Menurut Zimmerer (1996) keuntungan dari
kerja samafranchising adalah:
1. Diberikannya pelatihan, pengarahan, dan pengawasan yang
berlanjut dari franchisor.
2. Diberikannya bantuan finansial. Biasanya biaya awal
pembukaan sangat tinggi, sedangkan modal dari perusahaan franchisee sangat terbatas.
3. Keuntungan dari penggunaan nama, merek, produk yang telah
dikenal.
Sedangkan menurut Peggy Lambing (2000:
116-117), keuntungan franchising
meliputi:
1. Bantuan awal yang memberi kemudahan, yaitu berupa jasa
nasihat seleksi lokasi, analisis fasilitas layout,
bantuan keuangan, pelatihan manajemen, seleksi karyawan, dan bantuan pelatihan.
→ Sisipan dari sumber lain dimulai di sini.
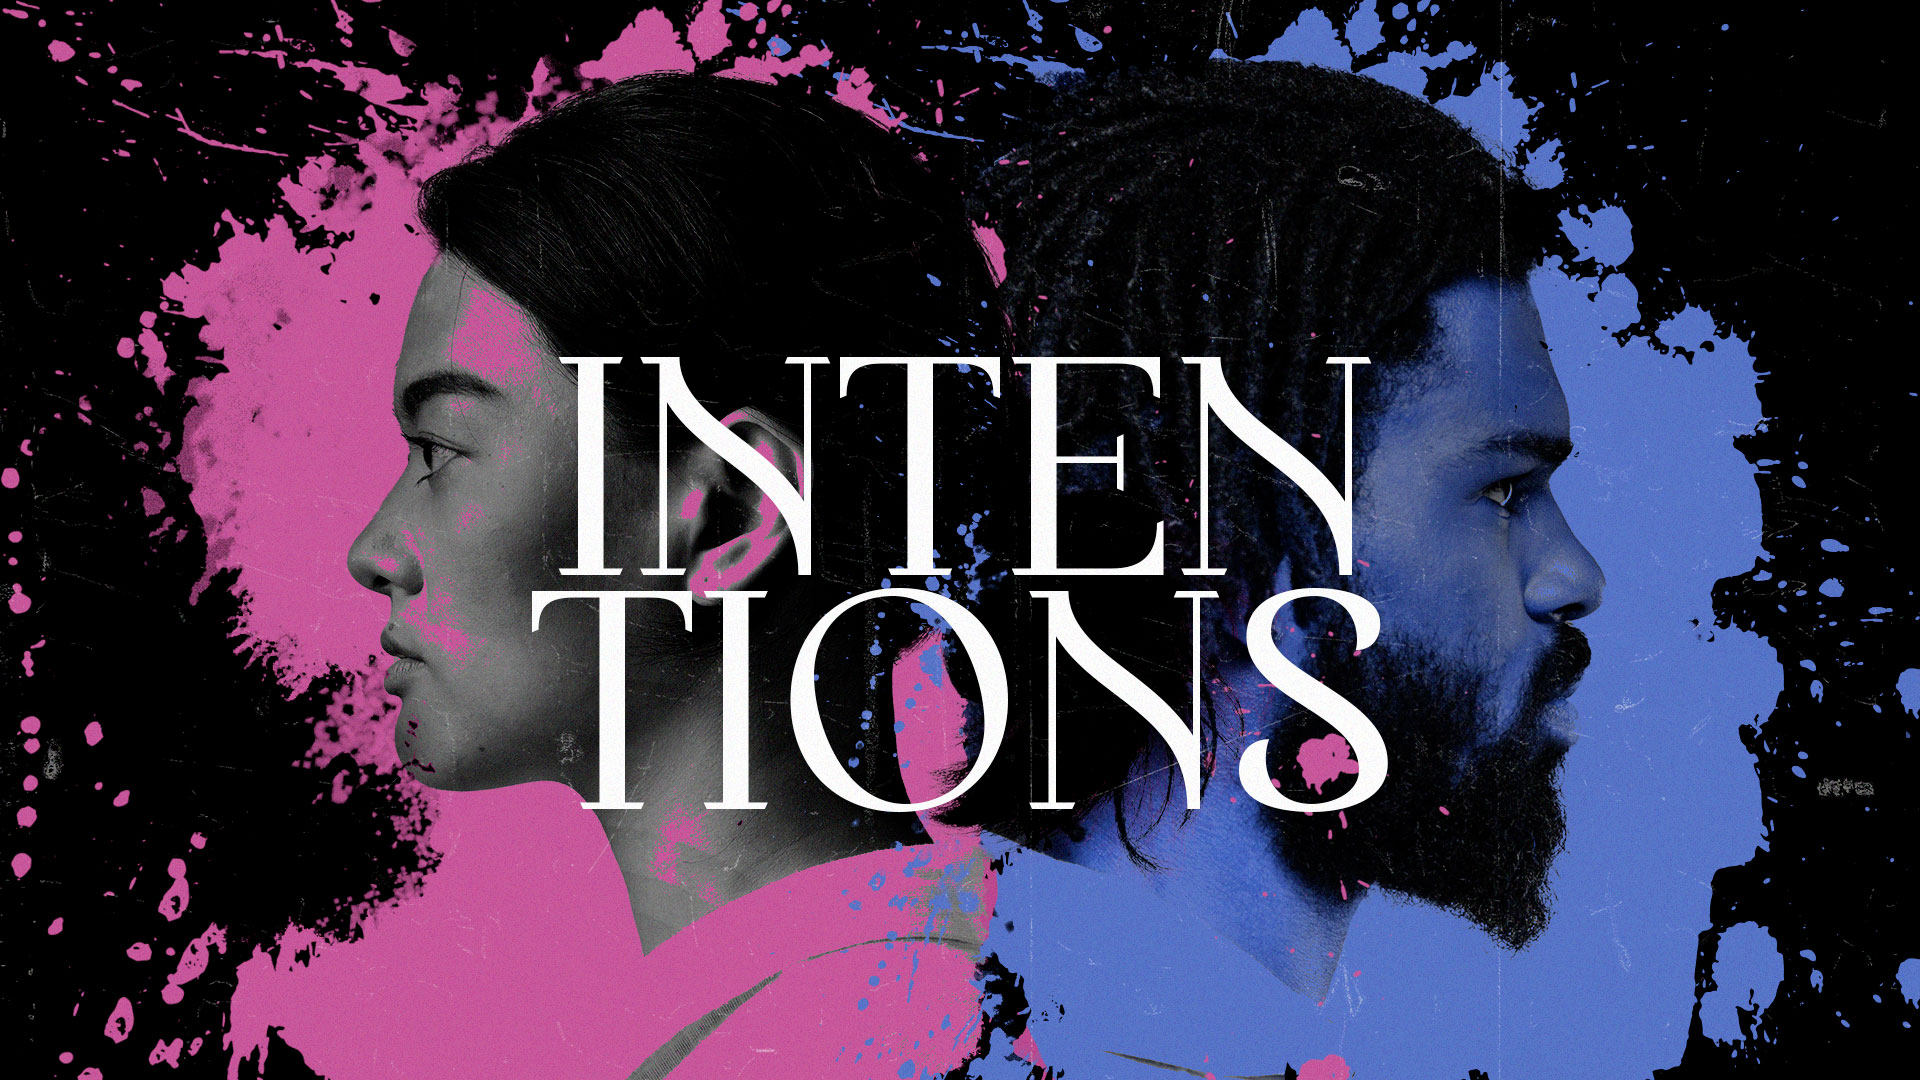    INTENTIONS: Rediscovering & Redefining Relationships
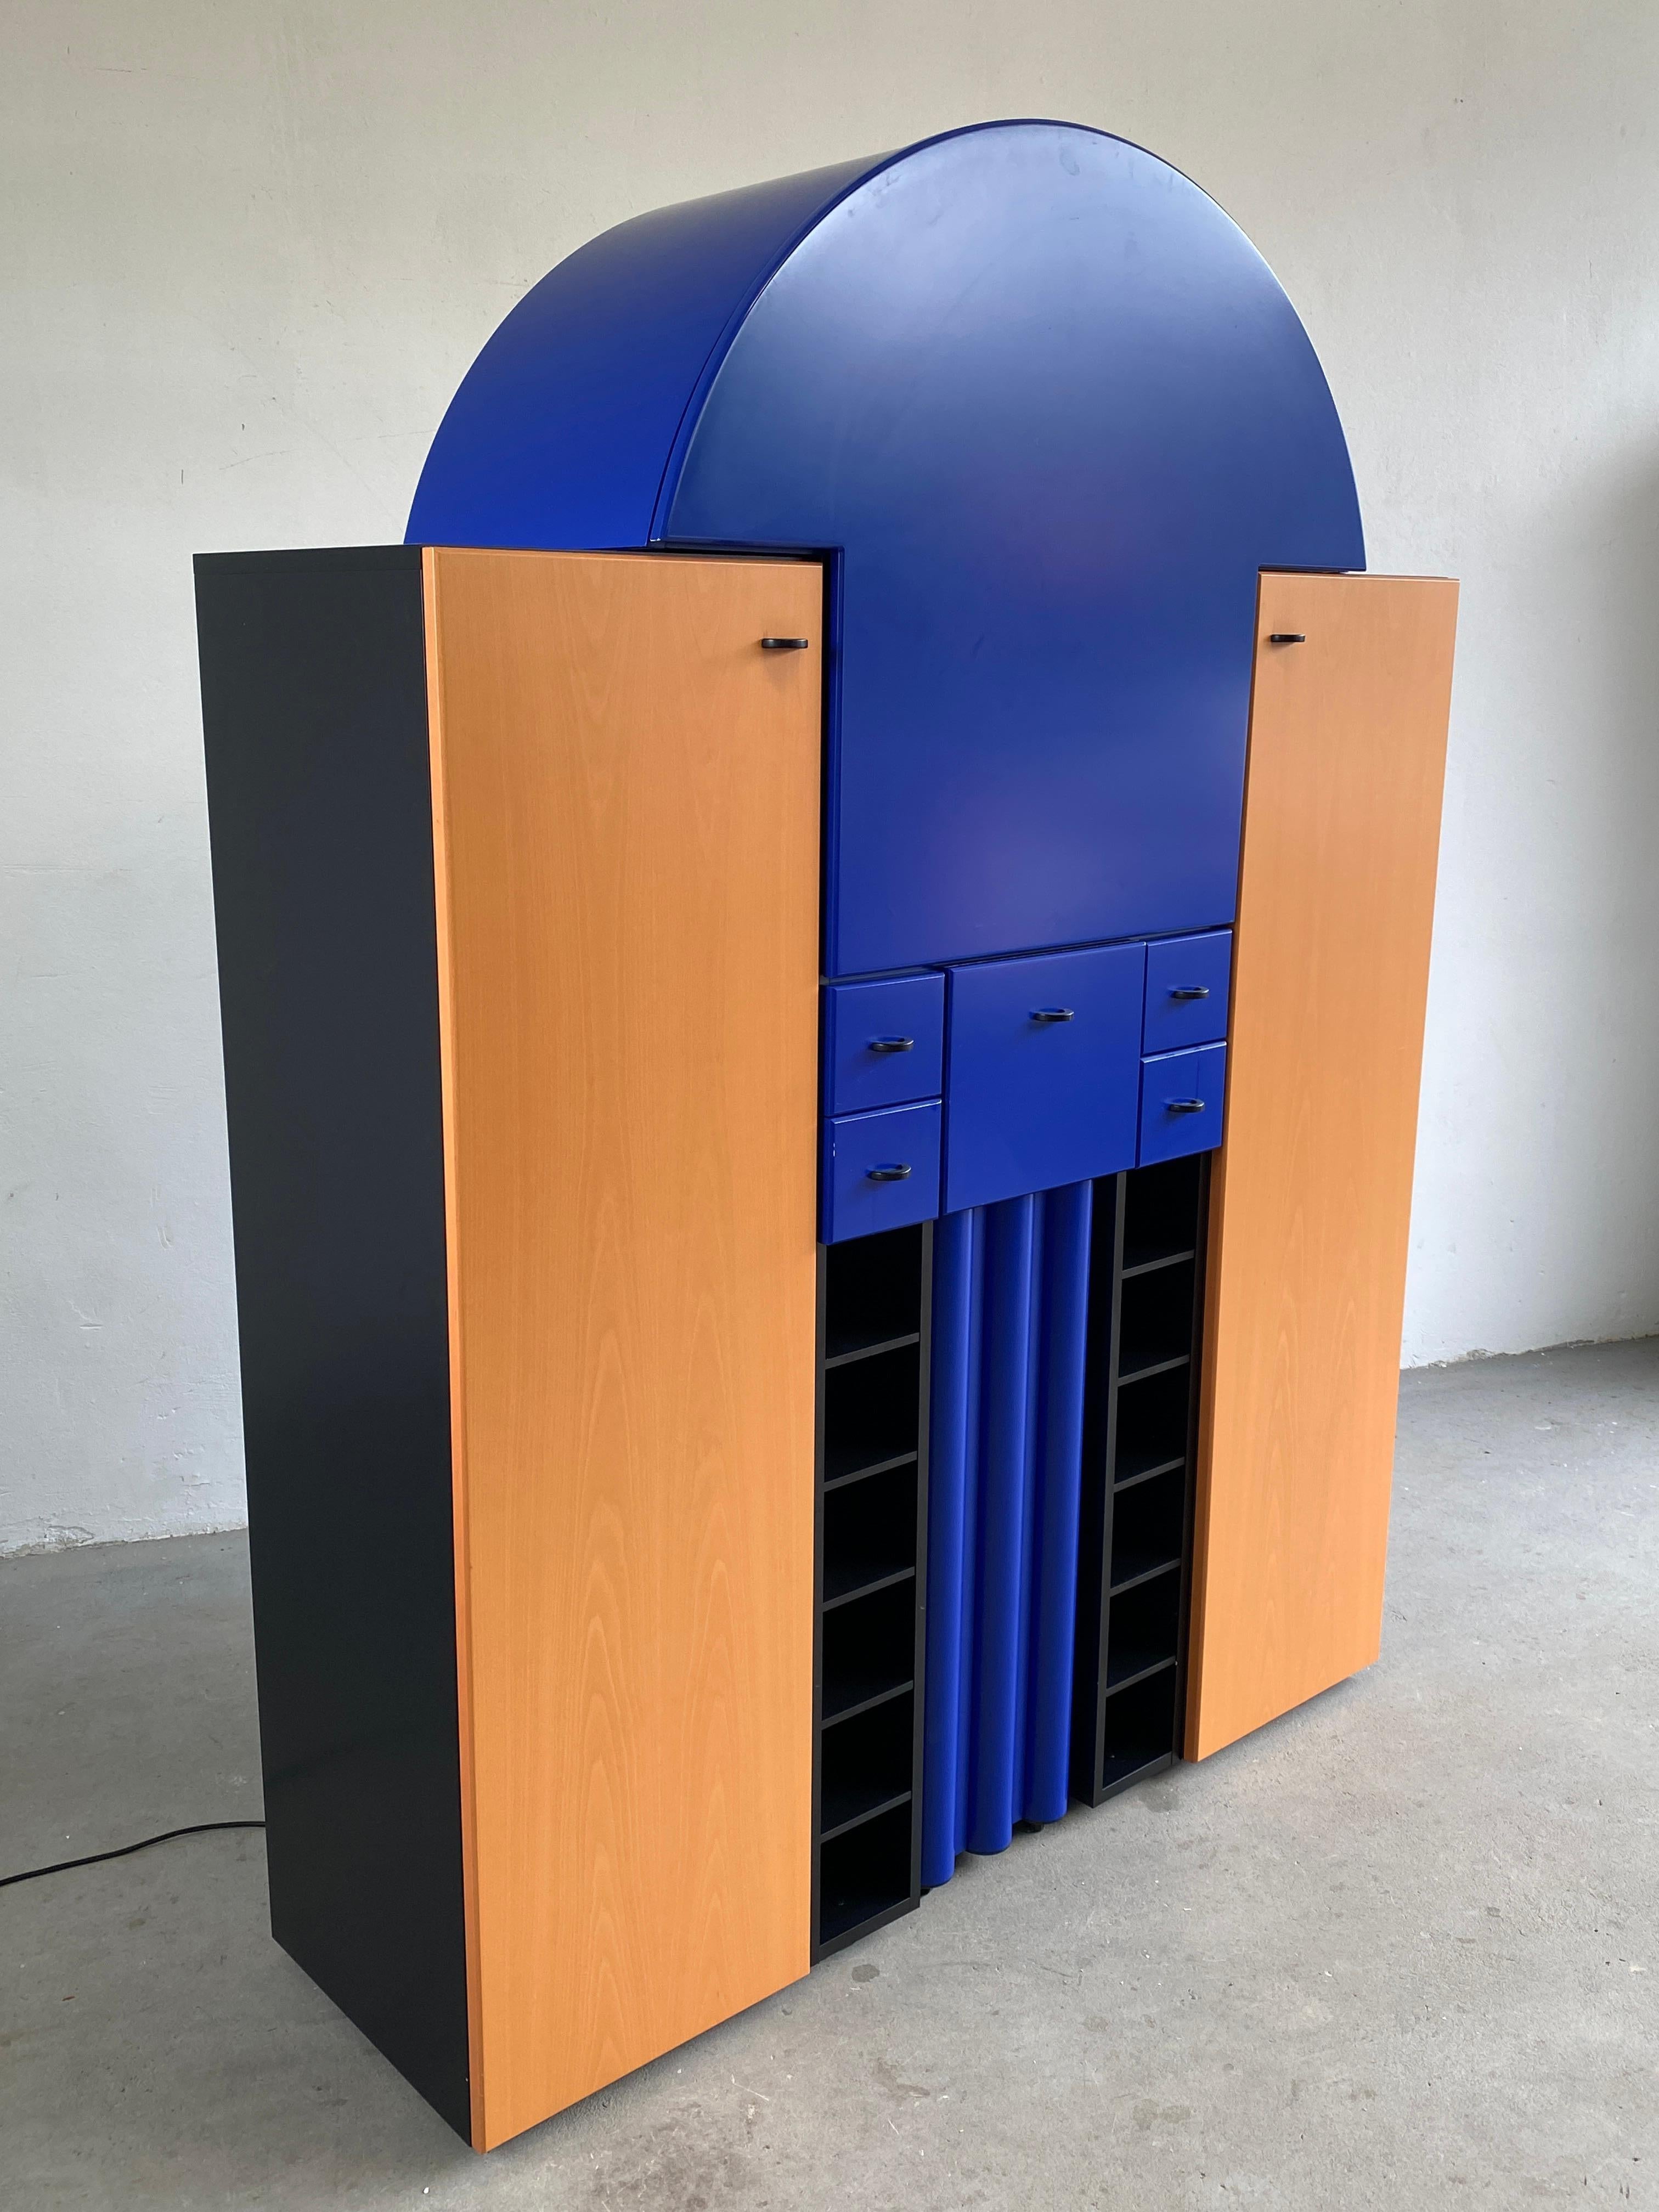 Metal Postmodern Bar Cabinet 'Duo-Bar' by Peter Maly for Interlübke, 1980s Germany

2. Basis untuk mwempertimbangkan prospek keberhasilan, yaitu
menyajikan prediksi dan pengujian tentang kemungkinan untuk menghasilkan
keuntungan.
3. Mendapat pengakuan yang segera, yaitu cepat dikenal karena
sudah memiliki reputasi dan berpengalaman, misalnya, sebulan, seminggu, bahkan
beberapa hari saja sudah dikenal.
4. Daya beli karena merupakan bagian dari organisasi yang
besar, maka pembayaran untuk pembelian bahan baku, peralatan, jasa asuransi
akan relatif murah.
5. Cakupan periklanan dan pengalaman. Periklanan secara
nasional dengan pengalaman yang jauh lebih baik sehingga biaya periklanan
menjadi sangat murah.
6. Perbaikan operasional. Sebagai bagian dari organisasi yang
besar, usaha franchising memiliki
metode yang lebih efisien dalam perbaikan proses produksi.
Disamping
beberapa keuntungan seperti di atas, tentu saja kerja samafranchising tidak selalu menjamin keberhasilan, karena
sangattergantung pada jenis usaha dan kecakapan para wirausaha. Kerugian yang
mungkin terjadi menurut Zimmerer adalah :
1. Program latihan tidak sesuai dengan yang diinginkan.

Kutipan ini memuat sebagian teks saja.